§ **Your assignment**:
Which lines of the entries below include "Diamond"? List them all.
____ Given data
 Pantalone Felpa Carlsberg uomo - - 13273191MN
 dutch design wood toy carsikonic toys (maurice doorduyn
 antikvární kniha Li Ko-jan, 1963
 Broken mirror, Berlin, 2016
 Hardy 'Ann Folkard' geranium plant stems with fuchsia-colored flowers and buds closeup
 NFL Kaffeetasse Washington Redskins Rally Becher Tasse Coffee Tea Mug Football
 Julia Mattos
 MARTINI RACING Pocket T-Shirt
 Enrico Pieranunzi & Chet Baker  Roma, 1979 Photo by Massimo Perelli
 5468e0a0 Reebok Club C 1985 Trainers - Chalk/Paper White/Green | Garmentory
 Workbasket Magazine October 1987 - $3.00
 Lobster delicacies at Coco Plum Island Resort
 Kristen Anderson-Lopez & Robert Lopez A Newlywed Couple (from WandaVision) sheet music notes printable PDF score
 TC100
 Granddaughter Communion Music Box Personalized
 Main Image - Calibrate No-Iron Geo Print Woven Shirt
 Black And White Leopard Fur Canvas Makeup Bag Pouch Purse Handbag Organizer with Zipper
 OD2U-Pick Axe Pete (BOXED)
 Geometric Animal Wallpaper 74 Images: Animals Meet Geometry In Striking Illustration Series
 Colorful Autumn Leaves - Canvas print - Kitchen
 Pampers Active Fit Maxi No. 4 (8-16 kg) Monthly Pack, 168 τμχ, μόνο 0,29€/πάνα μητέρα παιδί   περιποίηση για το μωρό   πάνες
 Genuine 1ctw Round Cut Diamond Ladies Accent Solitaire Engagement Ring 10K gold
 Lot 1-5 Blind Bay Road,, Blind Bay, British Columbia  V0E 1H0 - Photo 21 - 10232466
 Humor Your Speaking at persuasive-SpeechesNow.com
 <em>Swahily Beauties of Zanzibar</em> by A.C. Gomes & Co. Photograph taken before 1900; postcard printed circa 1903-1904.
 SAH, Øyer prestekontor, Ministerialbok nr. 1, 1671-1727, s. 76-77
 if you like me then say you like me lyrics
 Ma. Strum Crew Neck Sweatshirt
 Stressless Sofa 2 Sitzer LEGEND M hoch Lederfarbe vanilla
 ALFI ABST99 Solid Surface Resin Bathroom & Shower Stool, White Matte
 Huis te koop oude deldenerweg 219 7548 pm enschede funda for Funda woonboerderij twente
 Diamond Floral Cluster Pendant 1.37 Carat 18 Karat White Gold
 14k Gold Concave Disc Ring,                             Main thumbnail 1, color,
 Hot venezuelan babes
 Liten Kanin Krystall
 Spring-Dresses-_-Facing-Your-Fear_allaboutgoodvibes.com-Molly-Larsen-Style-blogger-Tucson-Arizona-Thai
________
§ **Your solution**:
 Genuine 1ctw Round Cut Diamond Ladies Accent Solitaire Engagement Ring 10K gold
 Diamond Floral Cluster Pendant 1.37 Carat 18 Karat White Gold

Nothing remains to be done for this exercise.